GEMINI.md Best Practices

Be explicit about observation: Gemini has the largest context window — tell it to use it.

## Context Usage
- Before architectural changes: read and index the entire project
- Before bug fixes: read the file + all imports + test files
- Before documentation: read the file + related README files

Leverage the sandbox:

## Sandbox Rules
Mode: workspace
- Safe directories: src/, lib/, tests/, docs/, public/
- Read-only directories: node_modules/ (for type checking only)
- Never access: .env*, *secret*, *key*, *token*

Prompt Patterns for Gemini CLI

Pattern 1: Full Codebase Analysis

Gemini's 1M context is its superpower:

> Read the entire codebase and create a comprehensive analysis:
  
  1. Architecture: How are the layers organized? What patterns repeat?
  2. Tech debt: Where are the duplicate patterns? What's over-engineered?
  3. Testing gaps: Which critical paths have no test coverage?
  4. Security concerns: Where are inputs not validated?
  
  Format as a structured report. Do NOT make changes.

Pattern 2: Google Ecosystem Prompting

Chain Google services with code tasks:

> 1. Check my Google Calendar for the next team meeting
> 2. Read the meeting agenda from Google Drive (team/agendas/)
> 3. Check our codebase for features mentioned in the agenda
> 4. Create a status report showing what's done and what's not
> 5. Save the report to Google Drive (team/reports/status-{date}.md)

Pattern 3: Sandbox-Aware Commands

Always specify sandbox expectations:

> [Sandbox: workspace, src/ only]
> Refactor src/components/Dashboard/ — split the 500-line component
  into smaller components. Do NOT touch anything outside src/components/Dashboard/.
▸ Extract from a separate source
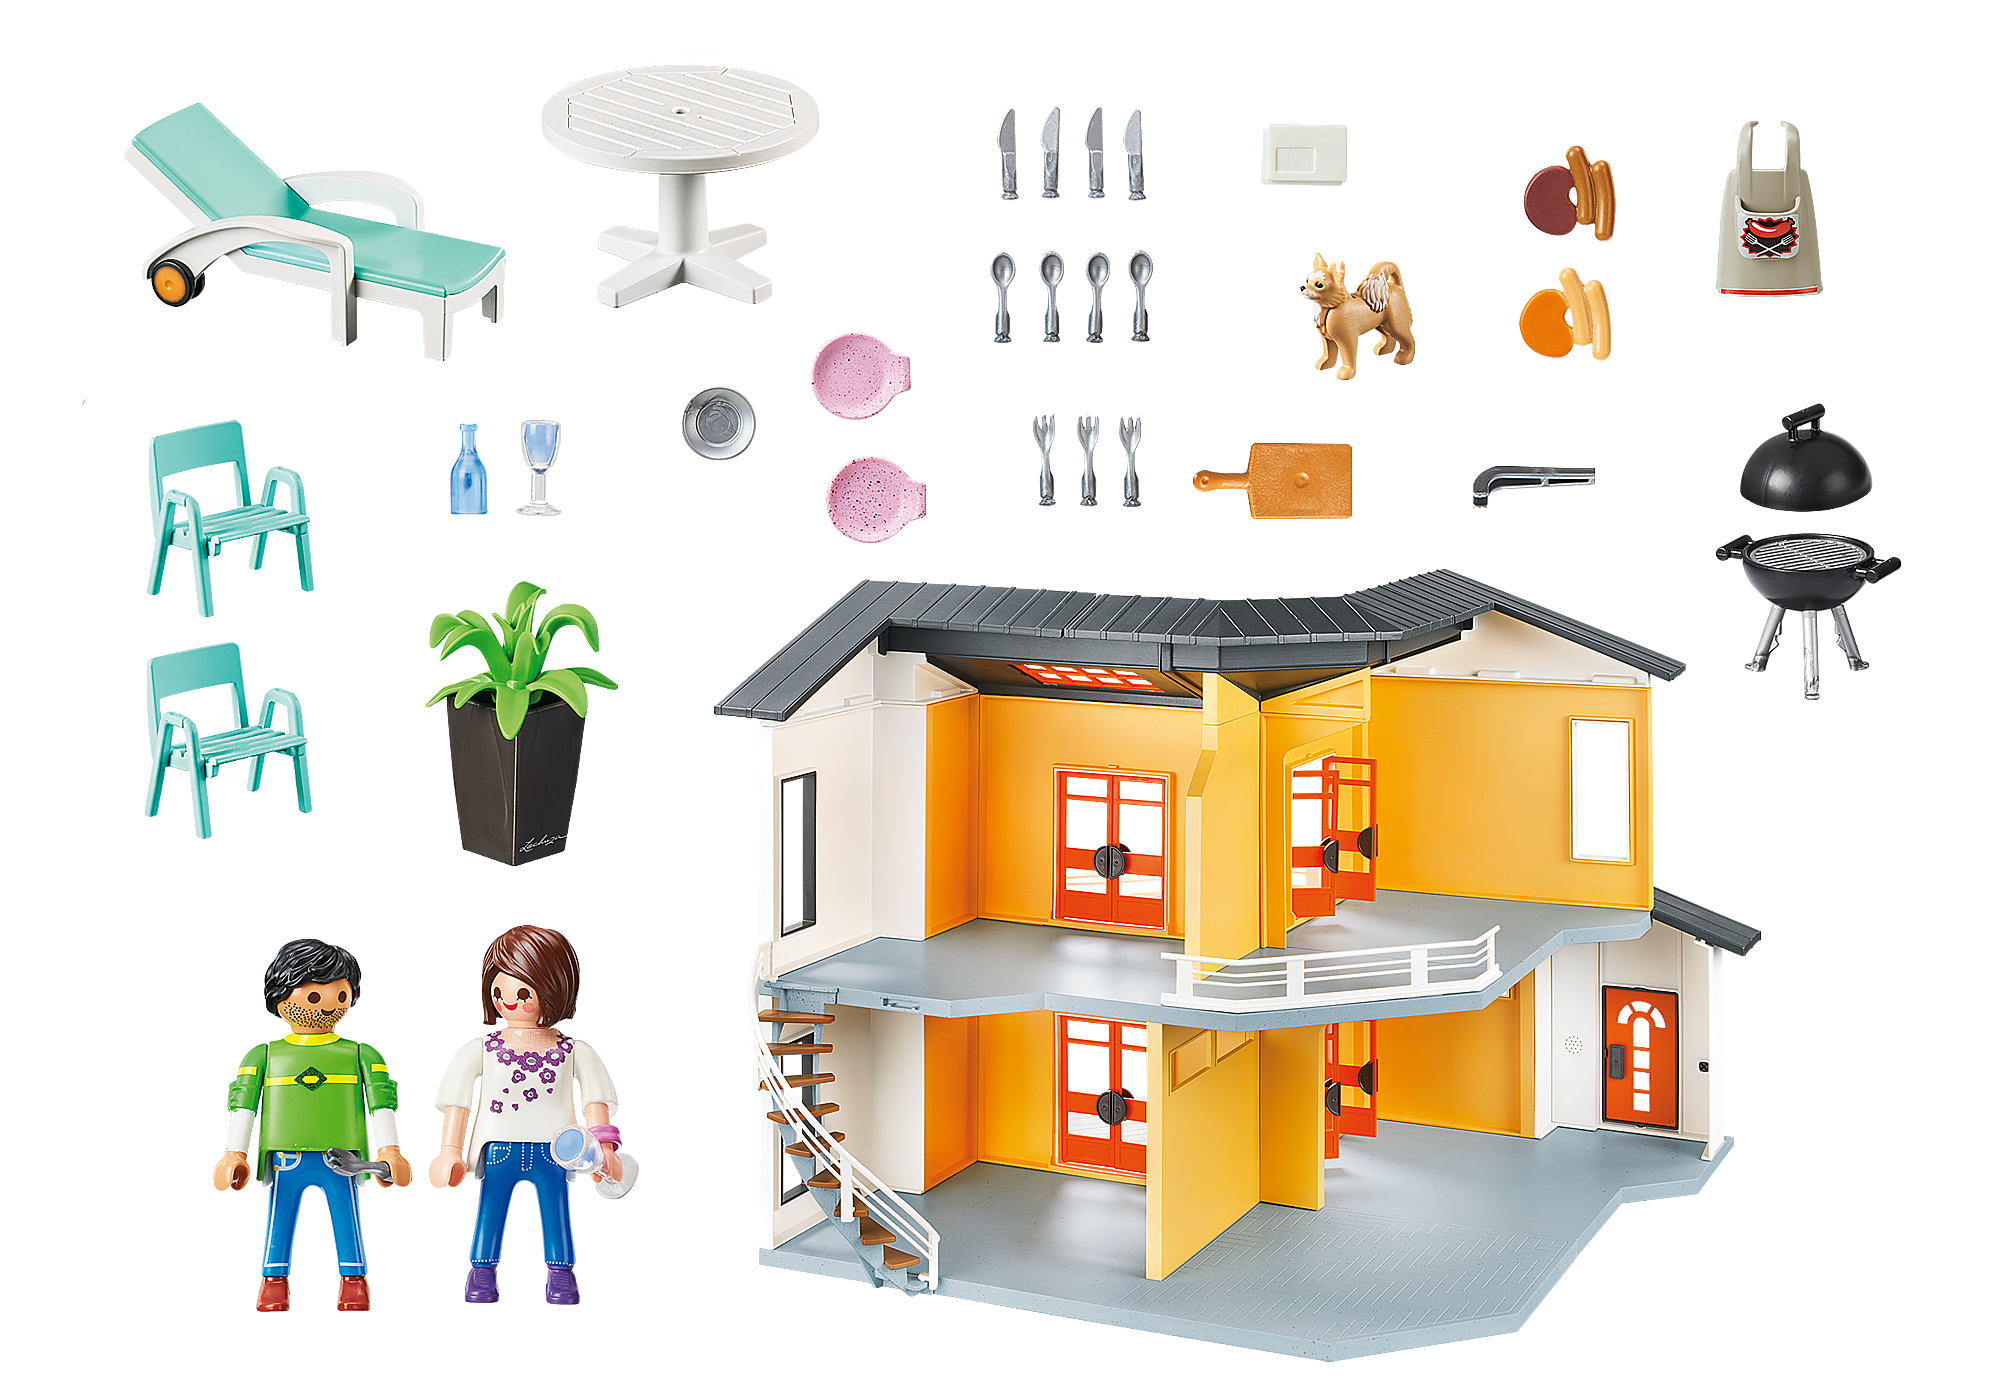 Salle de bain Playmobil City Life pour maison moderne - Avec douche et  lumière modernes

Pattern 4: Incremental with Verification

> Task: Add input validation to the signup form.
  
  Phase 1: Read src/forms/signup.tsx and all related validation files.
  Show me which fields need validation and your proposed rules.
  
  [Wait for approval]
  
  Phase 2: Implement validation. After EACH field you add:
  - Run `npx vitest run -- src/forms/signup.spec.tsx`
  - If tests fail: fix before proceeding
  
  Phase 3: Final verification
  - Type check entire project
  - Run full test suite
  - Show me a summary of all changes made

Pattern 5: Multi-Extension Workflows

Combine multiple Google services:

> For this feature, I need to:
  1. Read the design spec from Google Drive (team/designs/v3/)
  2. Check if any team meetings (Google Calendar) discuss this feature
  3. After implementation, email the team (Gmail) with the changes
  4. Update the feature tracker in Google Sheets (team/tracking)
  
  Start by reading the design spec and telling me what you understand.

Common Pitfalls

Wasting the 1M Context

> How do I center a div?   ← Wrong tool for simple questions

> Analyze our entire middleware stack across 47 files and identify 
  redundant auth checks.   ← Right use case

Ignoring Sandbox Boundaries

> [workspace sandbox is active]
> Install a new npm package and set up the database   ← Will fail (blocked)

If you need full access, change the sandbox intentionally:

> /sandbox full
> Install prisma and set up the initial database migration.
> /sandbox workspace   ← Switch back when done

Not Using Extensions Explicitly

> What's on my calendar?   ← Too vague

> /extensions status
> Use Google Calendar to check my schedule for tomorrow.